*EXERCISE DATA*:
--------------------

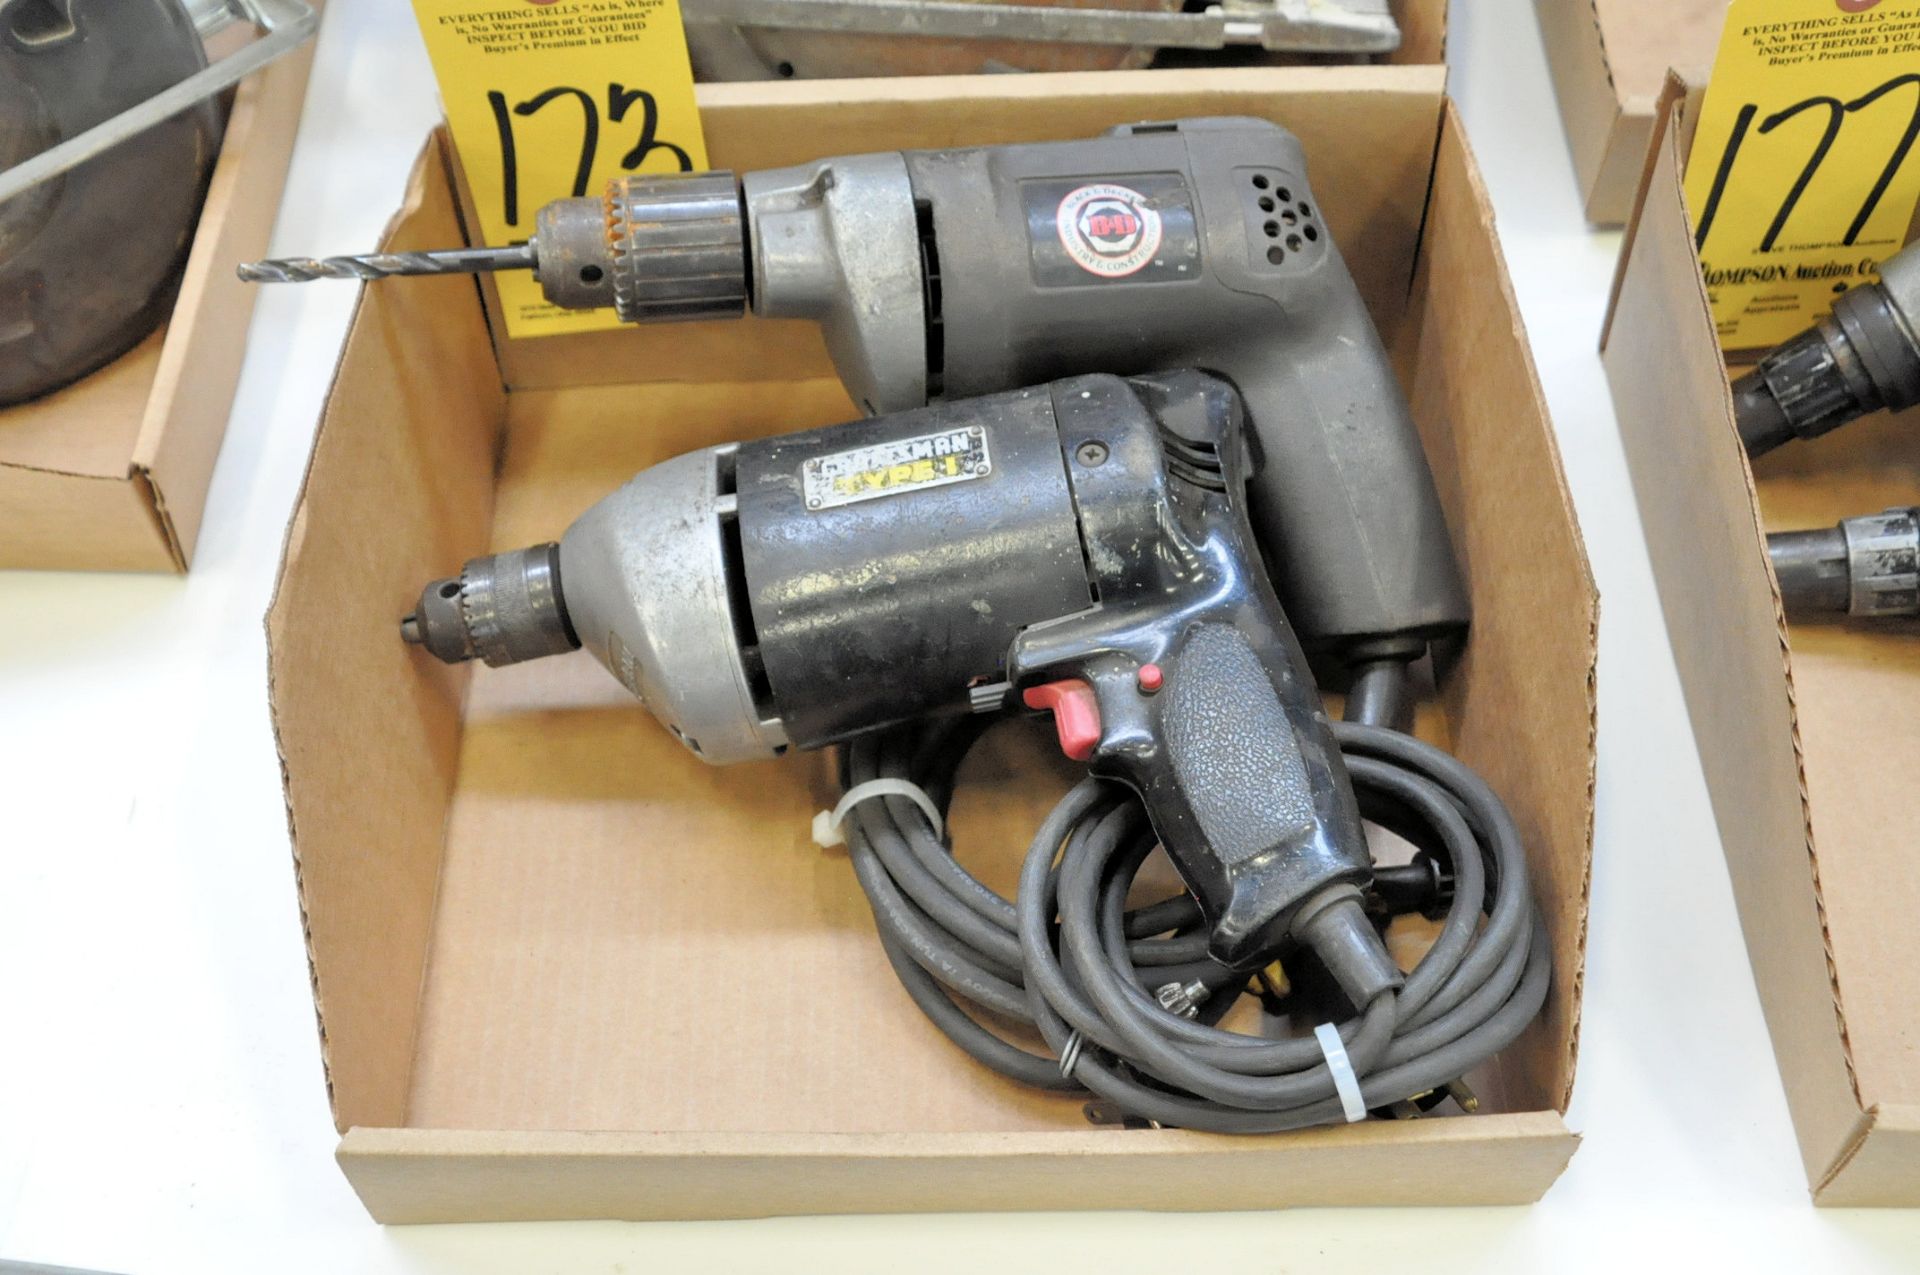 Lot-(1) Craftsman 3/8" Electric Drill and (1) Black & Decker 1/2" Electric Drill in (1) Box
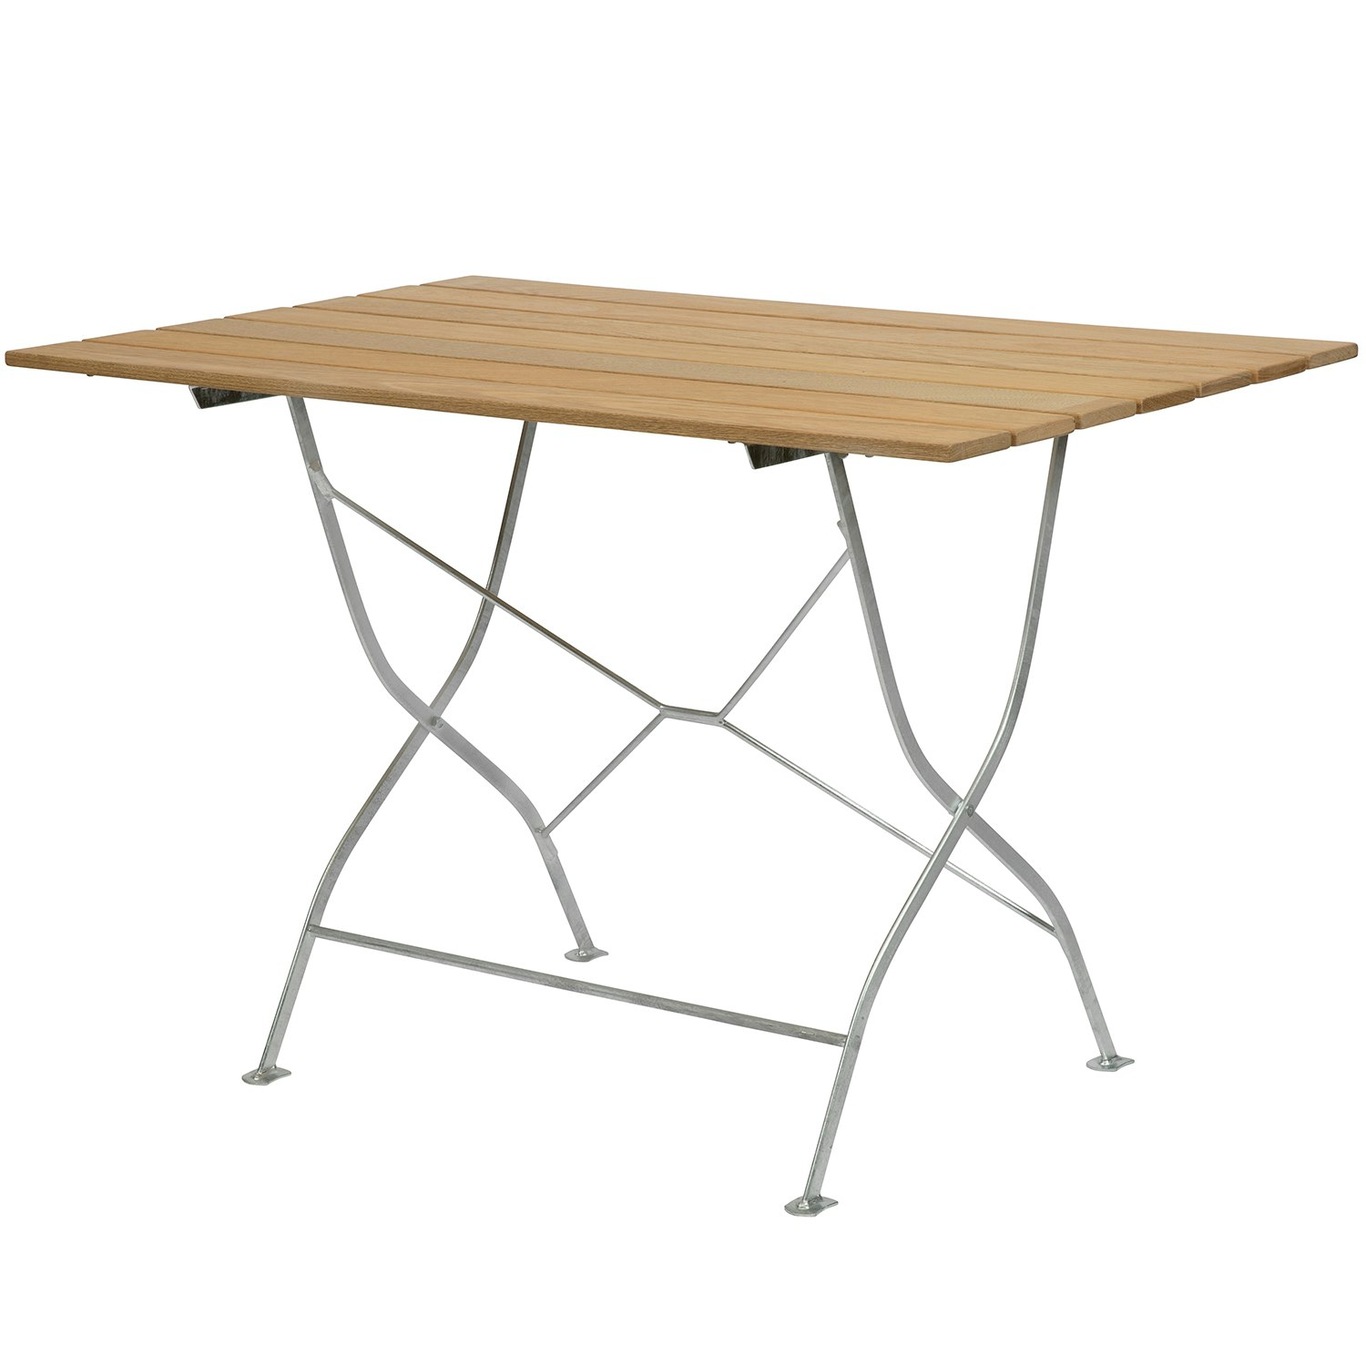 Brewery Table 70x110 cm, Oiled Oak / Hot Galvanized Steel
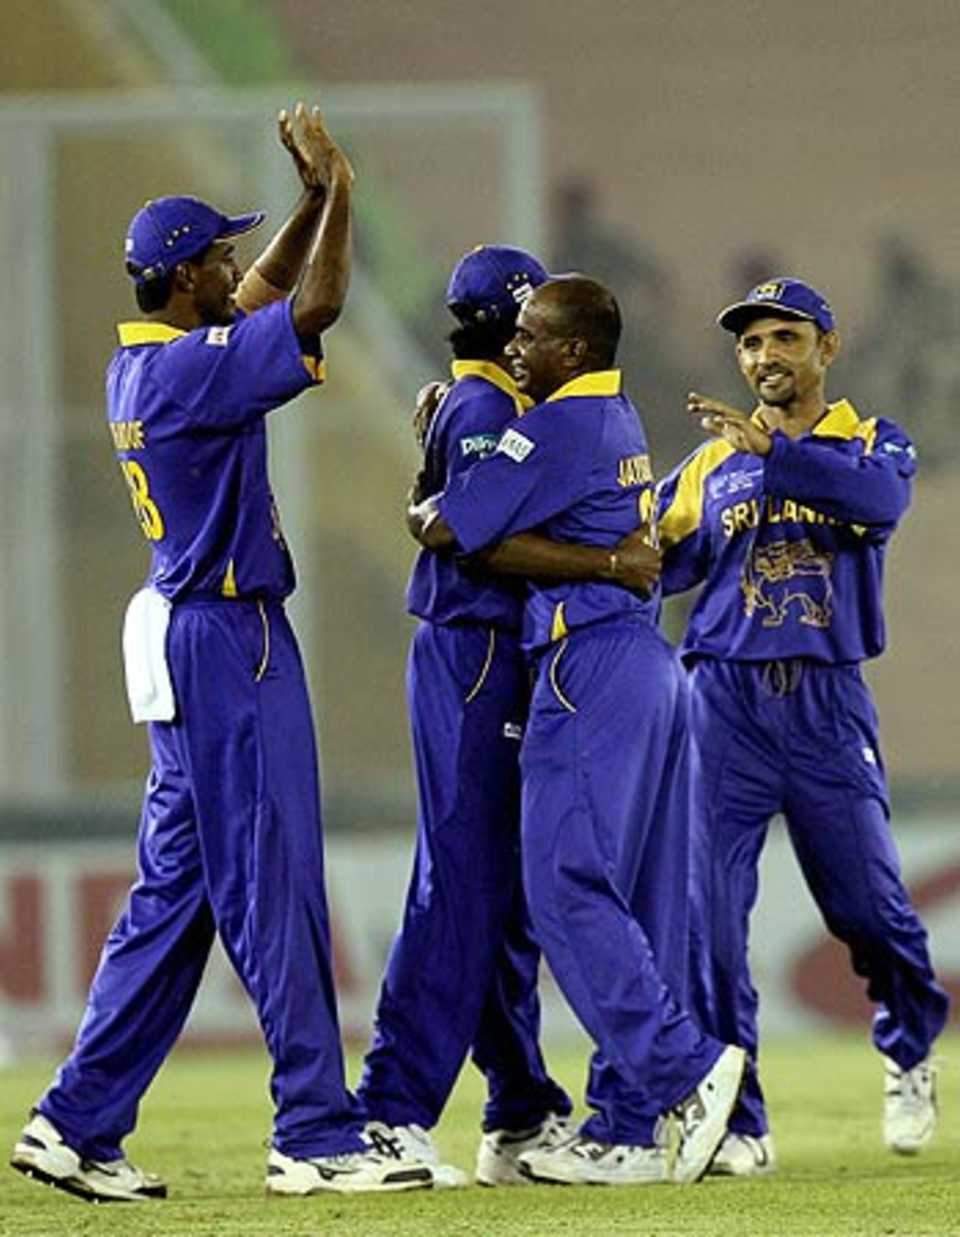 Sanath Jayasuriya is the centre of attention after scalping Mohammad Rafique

--------------------

*DIRECTIONS FOR THIS TASK*:
A word-for-word copy of the lines from the one with "Brewery Table 70x110" through the final line of the listing above is the whole answer, and it contains no pictures.

*COMPLETED TASK*:
 Brewery Table 70x110 cm, Oiled Oak / Hot Galvanized Steel
 Sanath Jayasuriya is the centre of attention after scalping Mohammad Rafique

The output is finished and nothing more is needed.